5.佛教的解脫,以十二緣起來談,有的是從「受」下功夫,六根觸受而不愛,在「受」的階段截斷輪迴之流;有的是從「愛」下功夫,愛而不取,在「愛」的階段截斷輪迴之流。從「受」截斷,功夫比較重視一念不生,因為根境識和合生觸受而不愛,還沒有愛樂諸境,意義尚未形成,自然一念不生,這樣的情形比較傾向如來禪。祖師禪因為 要入世度化眾生,如果一直都攝六根的話,就沒辦法入世,所以他沒有在「受」的第一關截斷眾流,他在「愛」的階段截斷眾流。「愛」就是世俗的喜怒哀樂,他一 樣有,但在念頭此落彼起處截斷眾流,沒有繼續往下緣「取」,取才是輪迴的根本。因為這樣,念頭就會此落彼起,比較靈活,雖然就解脫心的品質看,沒有如來禪深,但是以智慧的特性來講,則比較可以涉俗。然而這一切差別都只在風格的不同而已,它們的共同點在能不能有效截斷背後那股盲目的動力。
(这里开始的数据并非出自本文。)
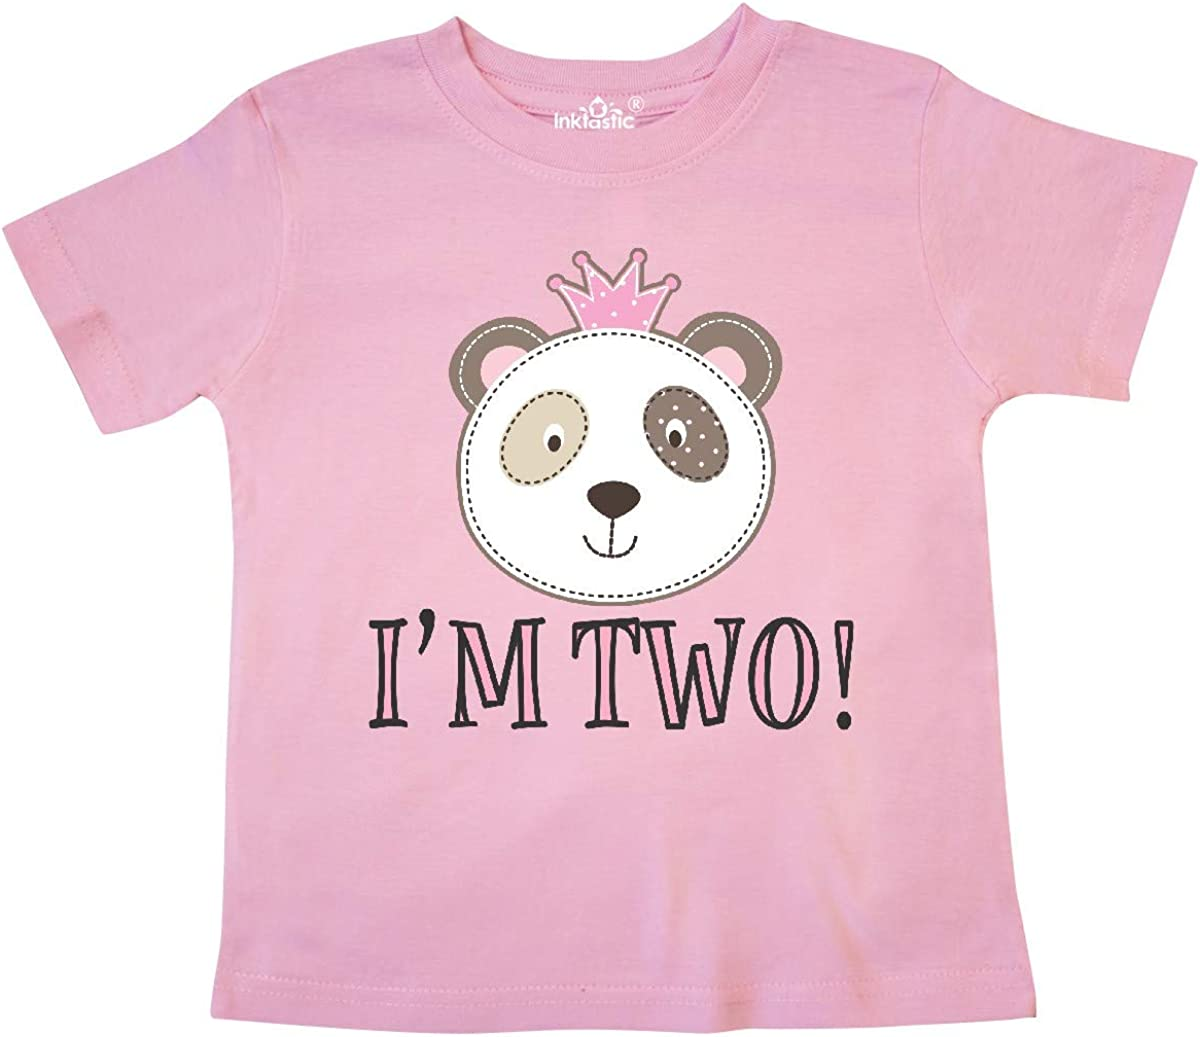 inktastic 2nd Birthday Panda 2 Year Old Girl Toddler T-Shirt

6.公案禪的運用有它必要的前提條件。臨濟曾經向黃蘗請問「祖師西來意」,結果問三次被黃蘗打三次。在這個公案中有一個關鍵處,那個關鍵是,臨濟在黃蘗那裏學禪,三年沒有問過問題——這提不出問題的疑情,便是重要的關鍵。擔任首座的師兄,看得出他的疑情已經成熟了,所以鼓勵他去問師父,結果三問遭三打,但此時疑團已成熟,經大愚禪師從旁指點,很快就開悟了。如果不是他已經苦悶了數年,以及他的師兄鼓勵他去問,臨濟就不知道什麼時候才能開悟了。
7.參話頭就是控制念頭,使念頭不起。那要參到什麼地步呢?要參到行不知行、坐不知坐、喝茶不知喝茶、日不知日、夜不知夜、如醉如癡、如聾如啞一般,參話頭的工夫才算得力。
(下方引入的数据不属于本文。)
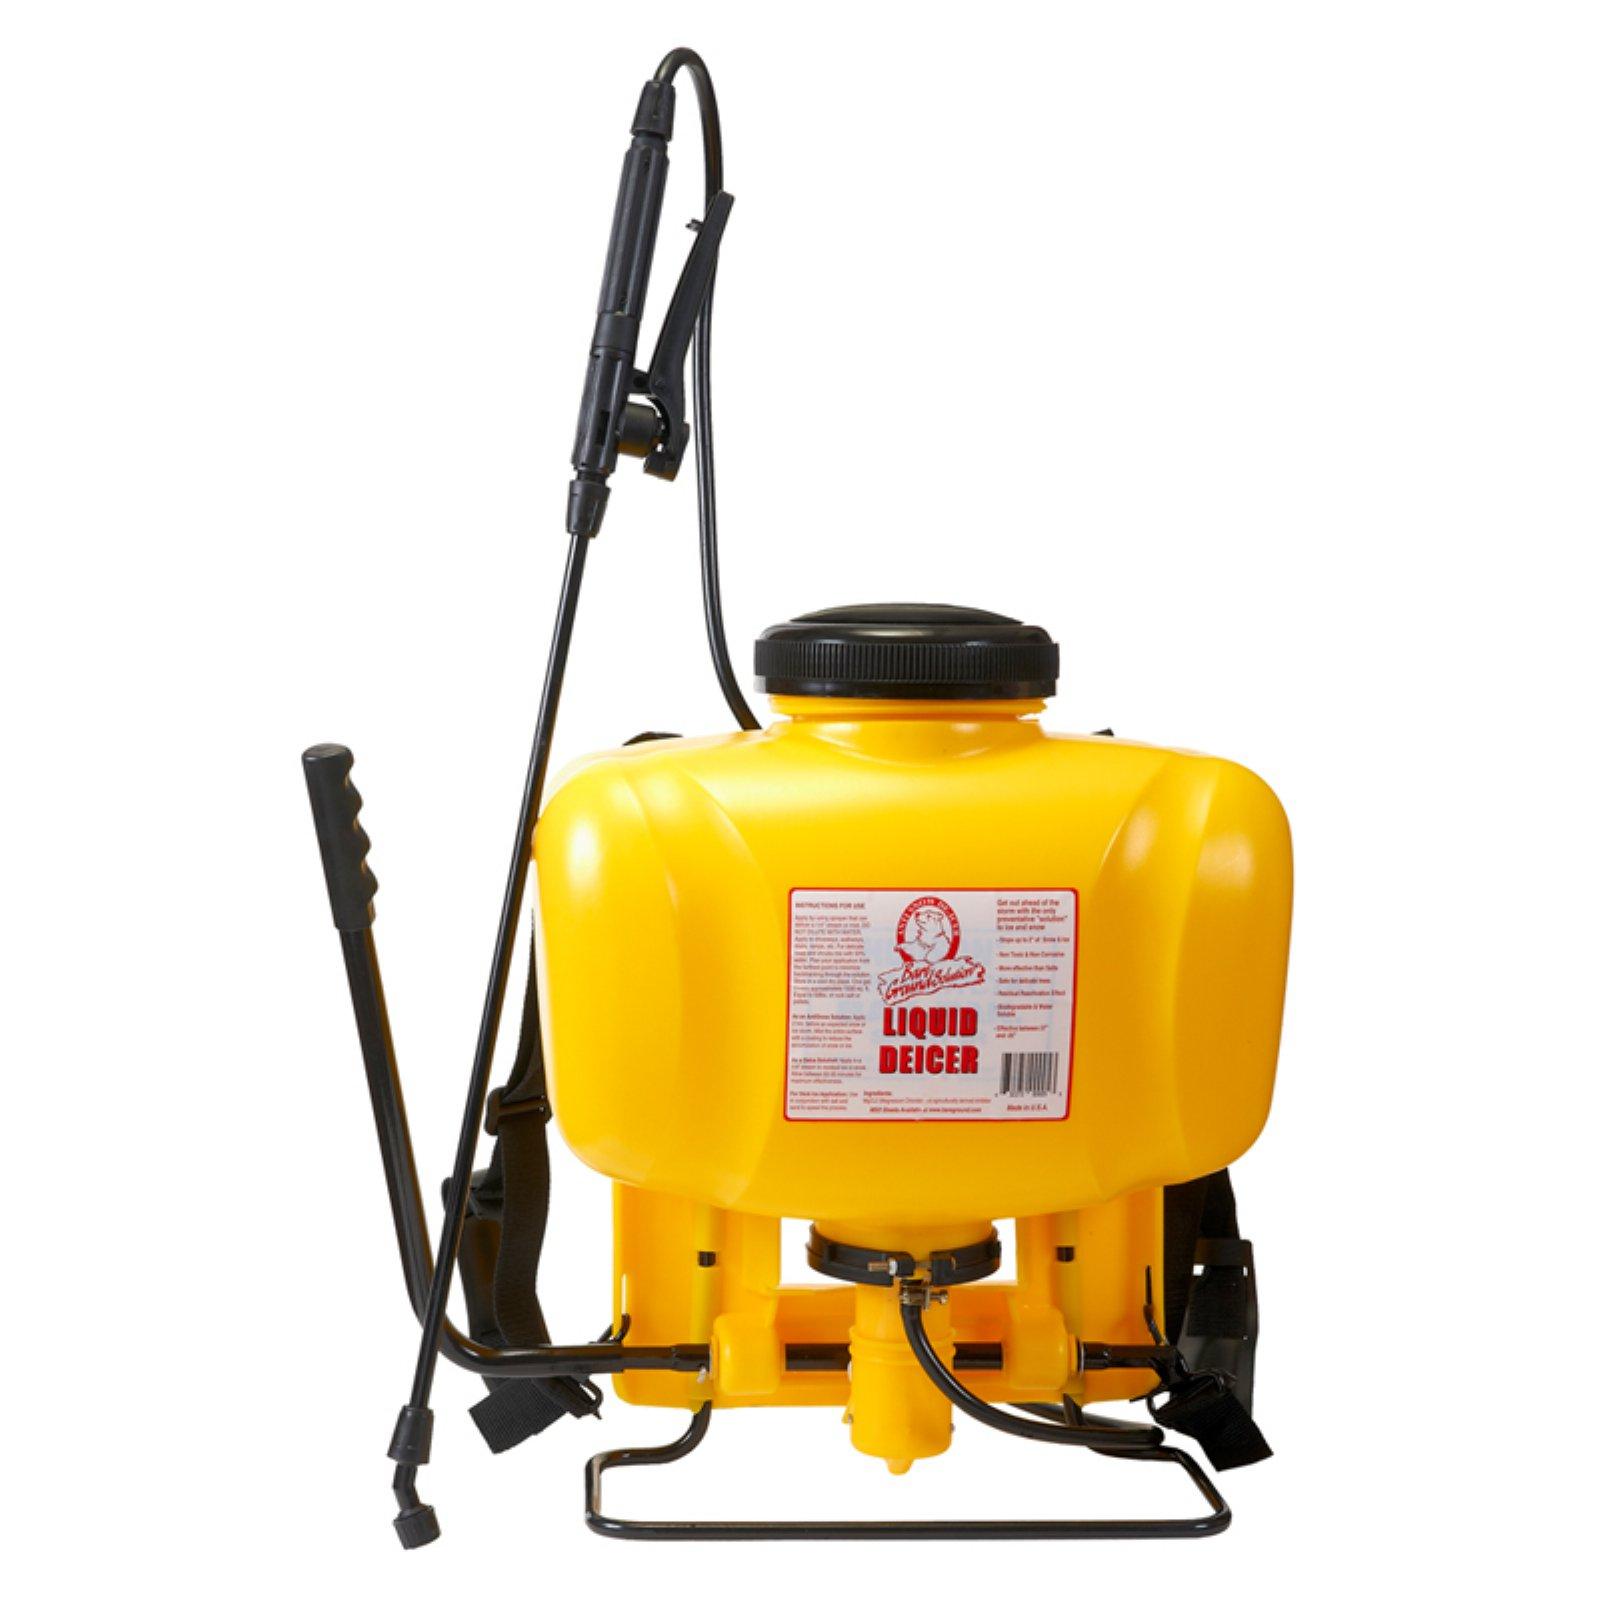 Bare Ground 4 gallon backpack sprayer (0063227242500) size 4 gallon capacity

8.如果說般若法門是站在阿含道的基礎,則禪宗的心法便是站在般若法門的基礎來指導修行人的。禪的祖師們,由於深明大乘般若的解脫原理,再加上自身的創見,以及 對中華文化孕育下的眾生性的瞭解,因此,在指導修行的方法上,比般若教法更為直接,在對象上也更為廣泛,不限利根及開悟過的人而已。這是禪法殊勝之處。